Nation-States: To Transcend or Evolve?

“In our finest hours, though, the soul of the country manifests itself in an inclination to open our arms rather than to clench our fists…”

― Jon Meacham

There are several visionary ideas circulating today that present alternatives to the nation-state model.

From bioregions to city states to transnational unions such as to the EU to digitally connected network state, these models see the current nation-state model as an outcome of capitalistically driven, nature-disconnected humans, with nation-states now being past their use by date and no longer fit for purpose.

And they’ve got good reason to believe this.

Our world is beset with seemingly intractable problems on local, national, and international scales – from the ecological crisis to the pandemic to trade wars and international conflicts – that our nation-states, at least until now, seem unable to provide lasting solutions for.

These alternative approaches suggest that many of the major issues of our time could be more easily addressed by changing the model to, for example, one of the above named alternatives.

As much as each of these alternative approaches, and many others, have important strengths, they also have their own significant issues.

Bioregions reconnect humans with respect for the wider ecosystems we are a part of but don’t consider the vast history of particular groups and cultures being united across them and the impact switching to bioregions would have on those communities.

The city states’ solution is to simply individuate from the struggles of the nation they exist within but remains agnostic on how to navigate the same international challenges of humanity’s global interconnectivity that nation-states face.

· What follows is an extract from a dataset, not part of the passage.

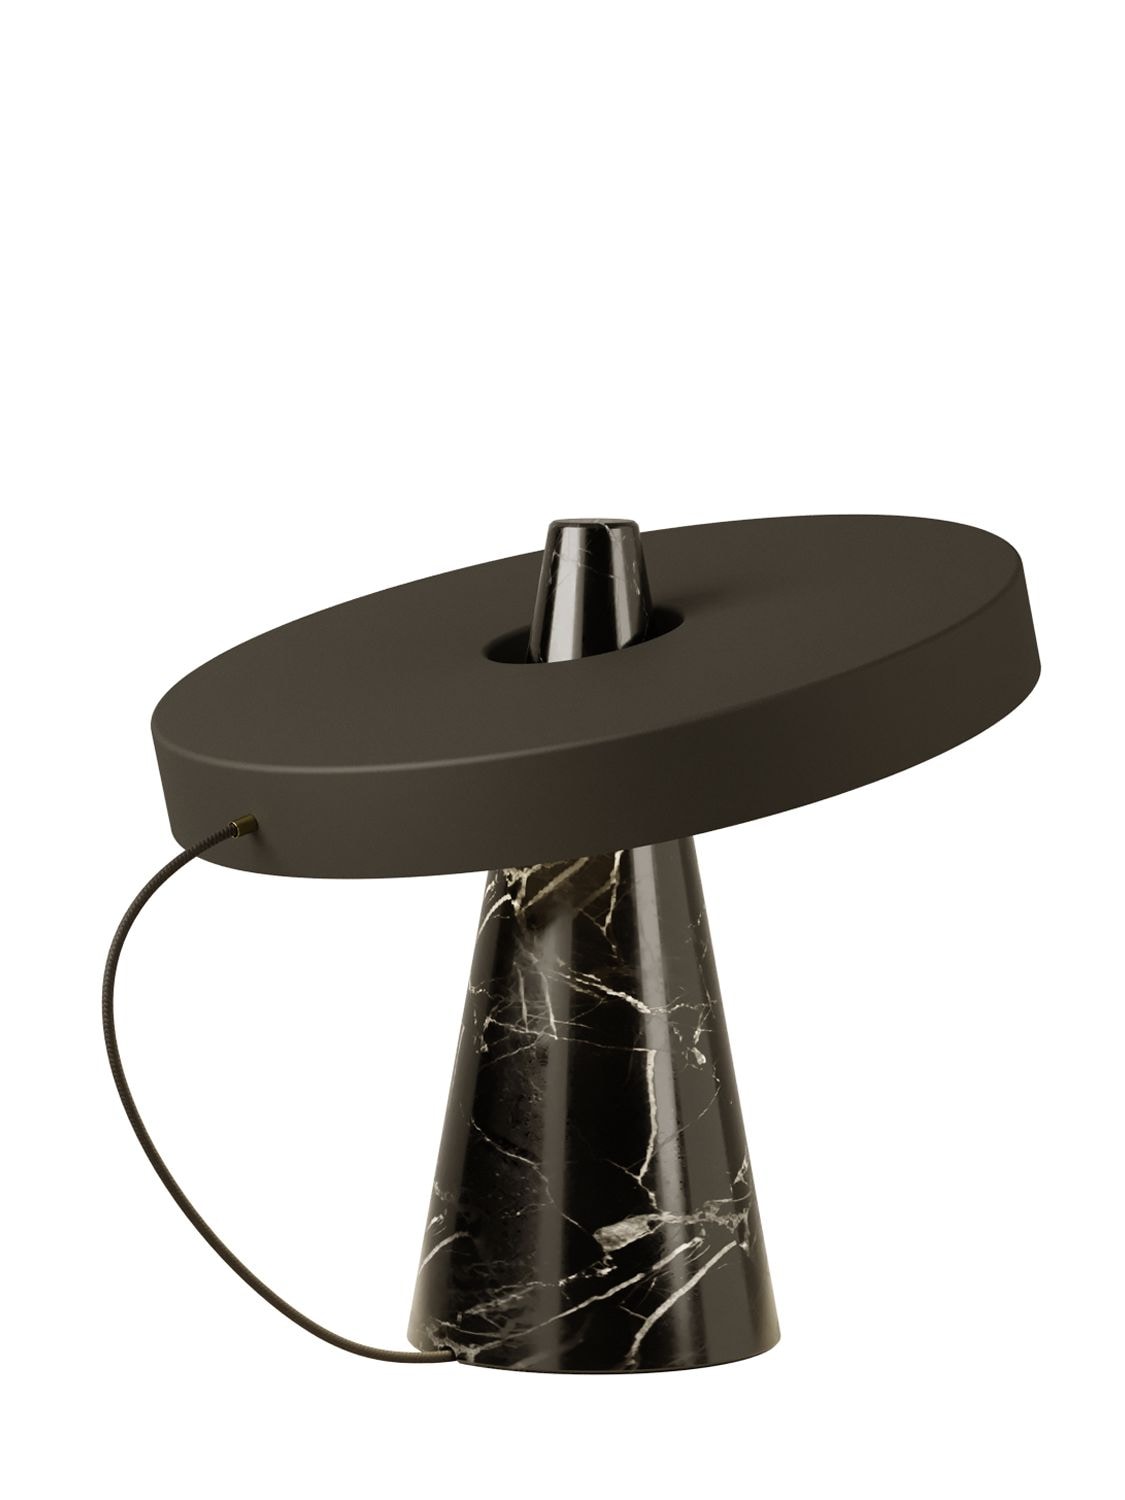 Edizioni Ed039 Table Lamp In Black

Transnational unions such as the EU have the potential to unite people on wider and wider scales, but unless that process occurs on the foundation of each community and nation’s coherent sense of self, what occurs is a fusion that results in the loss of cultural diversity and identity with consequent negative effects on society.

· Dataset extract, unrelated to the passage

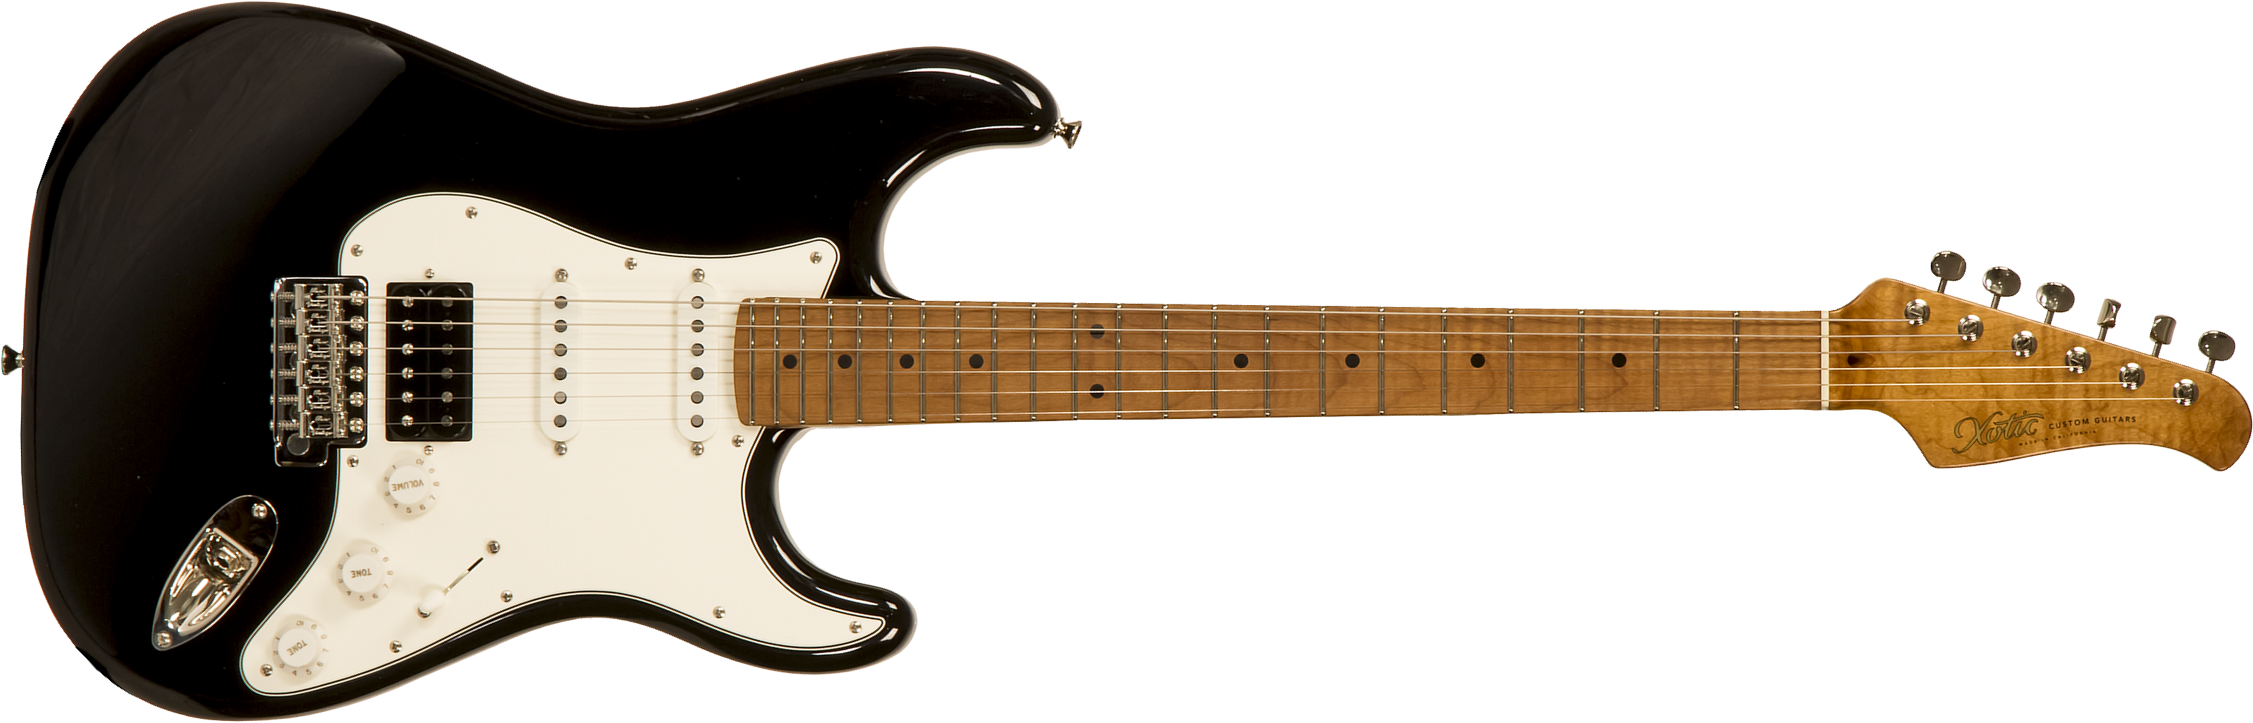 Xotic Xscpro-2 California Class Hss Mn #2113 - Light Aging Black - Guitarra eléctrica con forma de str. - Main picture

Network states provide the opportunity for values-aligned individuals to escape the conventional world to congregate across geographical distances and form new groups and cultures. But it fails to provide real solutions to the major issues of our world that nation-states are grappling with, and despite their promise to bring real change, they inherently require the blessing of nation-states to even exist.

What I want to offer here is the position that rather than attempting to transcend nation-states, a more effective approach is for us to evolve them.

More specifically: to call in their soul.

In Singularity, we perceive each nation as a collective being, on its own journey of evolution, through which the One Life of the Earth is seeking to express a unique gift in contribution to the whole.

We agree with such great leaders and thinkers as Plato, Nelson Mandela, Mahatma Gandhi, Sri Aurobindo, Rudolf Steiner, Fyodor Dostoevsky, and Vaclav Havel that at the root, every nation has a unique soul expression that wants to be expressed in service.

And we’d add that as a counterpoint to this, every nation also has its own ego structure, complete with patterns, habits, shadows and traumas. 

Starting to look at the field of international relations through this lens is powerfully illuminating. Try it out if you haven’t already.

Our sense is that the major issues of our world are expressions of the patterns, historical habits, shadows, and traumas of our different nations playing out on the global stage, and that switching to an alternative model while not addressing the need for their collective evolution is not going to resolve the issues at hand.

Rather, we believe that what is needed is for wider and wider groups of people in our various nations to start to attune to what unique service and contribution wants to come through their nation as an expression of the One Life of the Earth as a whole.

By doing so, the way our different nations are showing up on the global stage can evolve, from preoccupation with their own self-interests to service and contribution as an expression of the Whole.

This the basis upon which our different nations can take their place as units of global governance sourced in the One Life of the Earth as a whole.

This is why in Singularity part of our work is building cells in different nations of people attuning to the contribution their nation can make in this context.